RandomForestClassifier(bootstrap=True, class_weight=None, criterion='gini',
            max_depth=None, max_features='auto', max_leaf_nodes=None,
            min_impurity_decrease=0.0, min_impurity_split=None,
            min_samples_leaf=1, min_samples_split=2,
            min_weight_fraction_leaf=0.0, n_estimators=10, n_jobs=-1,
            oob_score=False, random_state=None, verbose=0,
            warm_start=False)

preds = rfb_balanced.predict(X_val)
roc_auc_score(y_val, preds)

0.79100646692502496

rfb_balanced.score(X_val, y_val)

Out[58]:

0.849547619047619

rfb_balanced.score(X_test, y_test)

0.84939666666666669

confusion_matrix(y_val, preds)

array([[138361,   9944],
       [ 21651,  40044]])

Ensemble of Several Models

I then wanted to try to put several of the models together in an ensemble and run them.

model_list = [('lr', clf_logistic_pipeline), ('rf', clf_rf), ('gb', gb_clf)]

# create voting classifier
voting_classifer = VotingClassifier(estimators=model_list,
                                    voting='hard', #<-- sklearn calls this hard voting
                                    n_jobs=-1)
voting_classifer.fit(X_train, y_train)

VotingClassifier(estimators=[('lr', Pipeline(memory=None,
     steps=[('scale_train', StandardScaler(copy=True, with_mean=True, with_std=True)), ('lr', LogisticRegression(C=1.0, class_weight=None, dual=False, fit_intercept=True,
          intercept_scaling=1, max_iter=100, multi_class='warn',
          n_jobs=None, ...    subsample=1.0, tol=0.0001, validation_fraction=0.1,
              verbose=0, warm_start=False))],
         flatten_transform=None, n_jobs=-1, voting='hard', weights=None)

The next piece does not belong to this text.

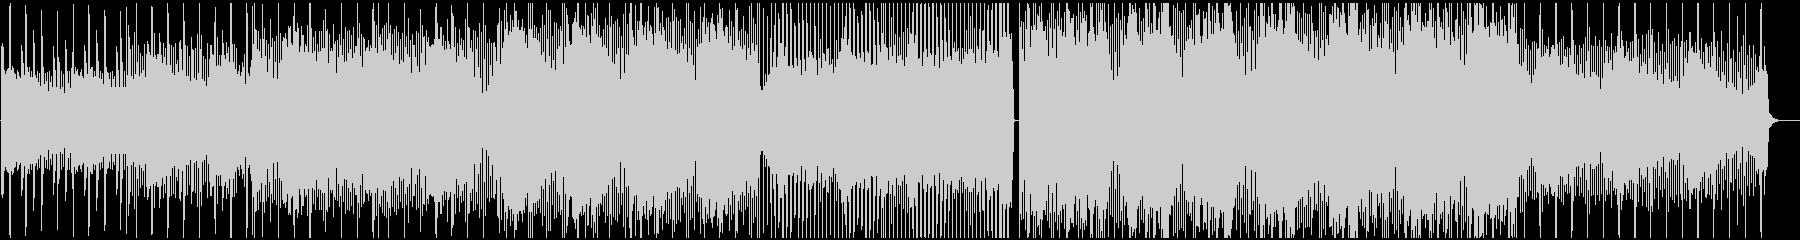 個性的で可愛いスローエレクトロニカの未再生の波形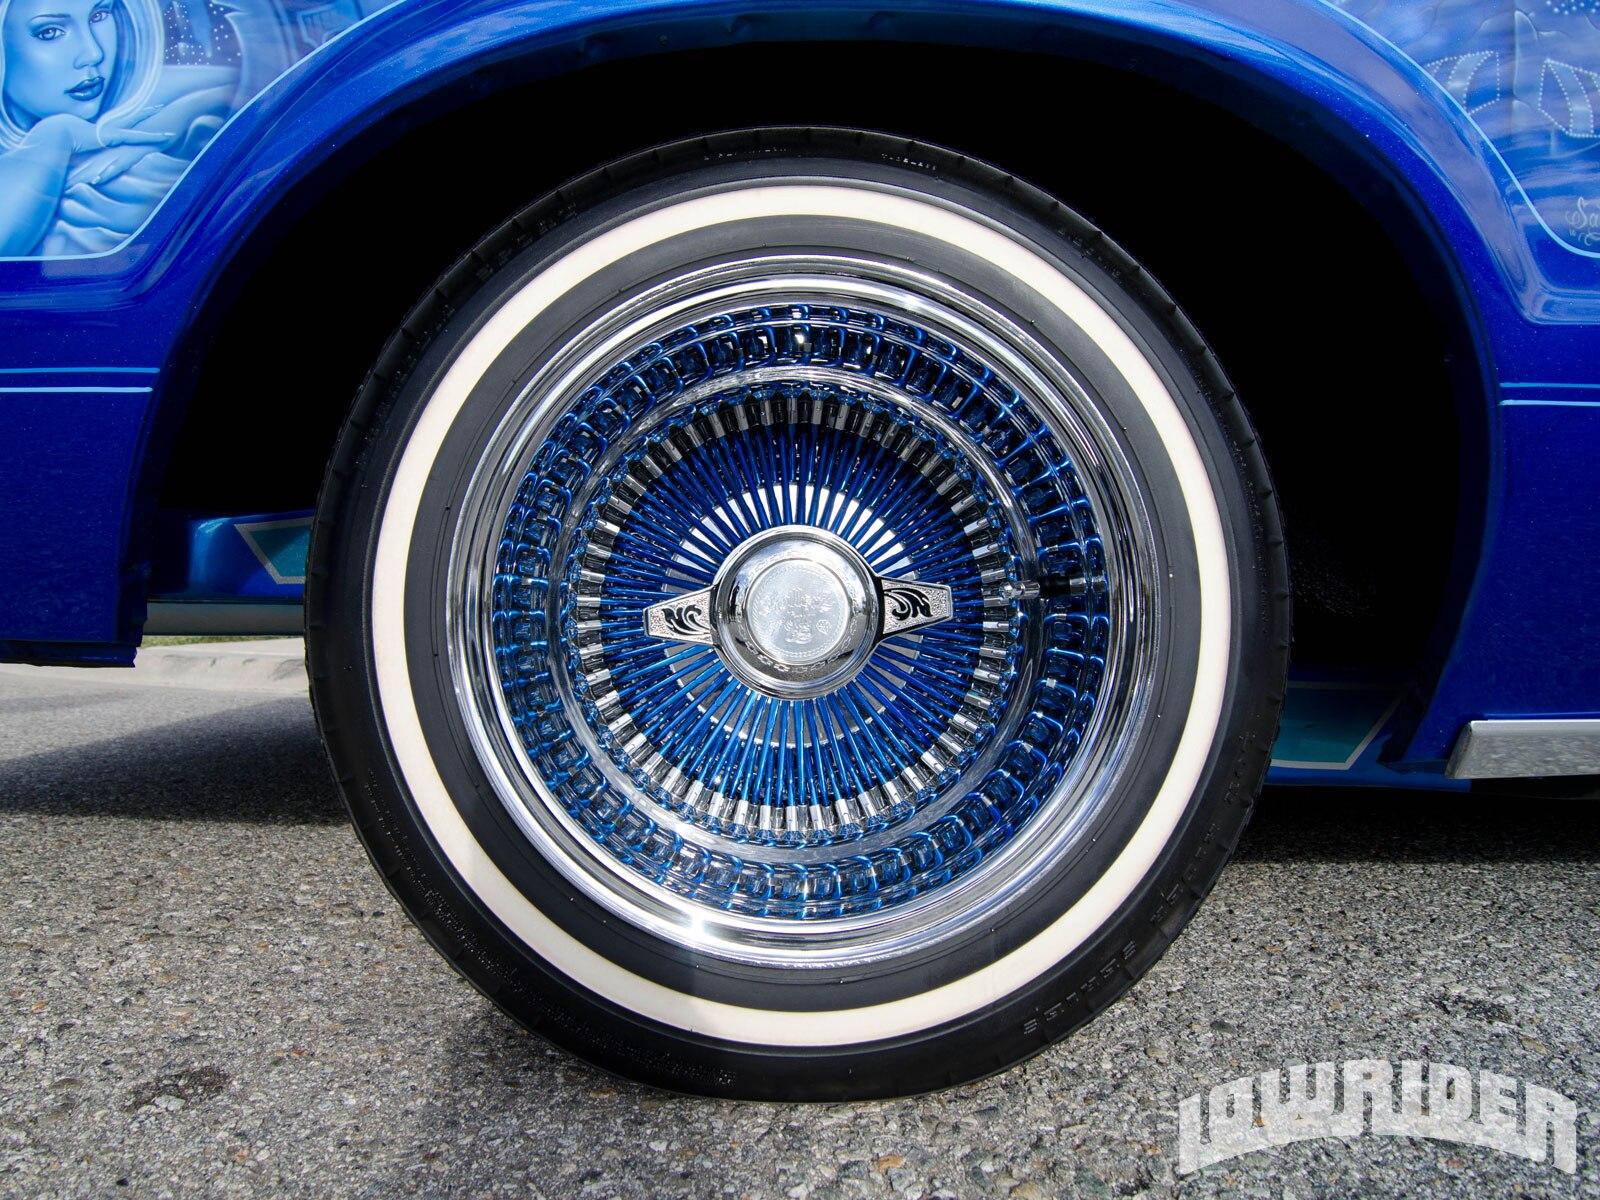 Inch Silverado Chevy 20 Tires

evaluate_model(voting_classifer)

AUC for training set: 0.7437367358291241 
AUC for validation set: 0.7436991551717599 
AUC for test set: 0.743873117622716 
Score for training set: 0.8540023311343996
Score for validation set: 0.8538194635911314 
Score for test set: 0.8540613112331676 
Confusion Matrix: 
[[1447775   13373]
 [ 281531  278060]]

Overall the logistic regression model performed the best. These models could all be further tweaked for better performance, however, model with 88% accuracy predicting arrests for the city of Chicago is a good model.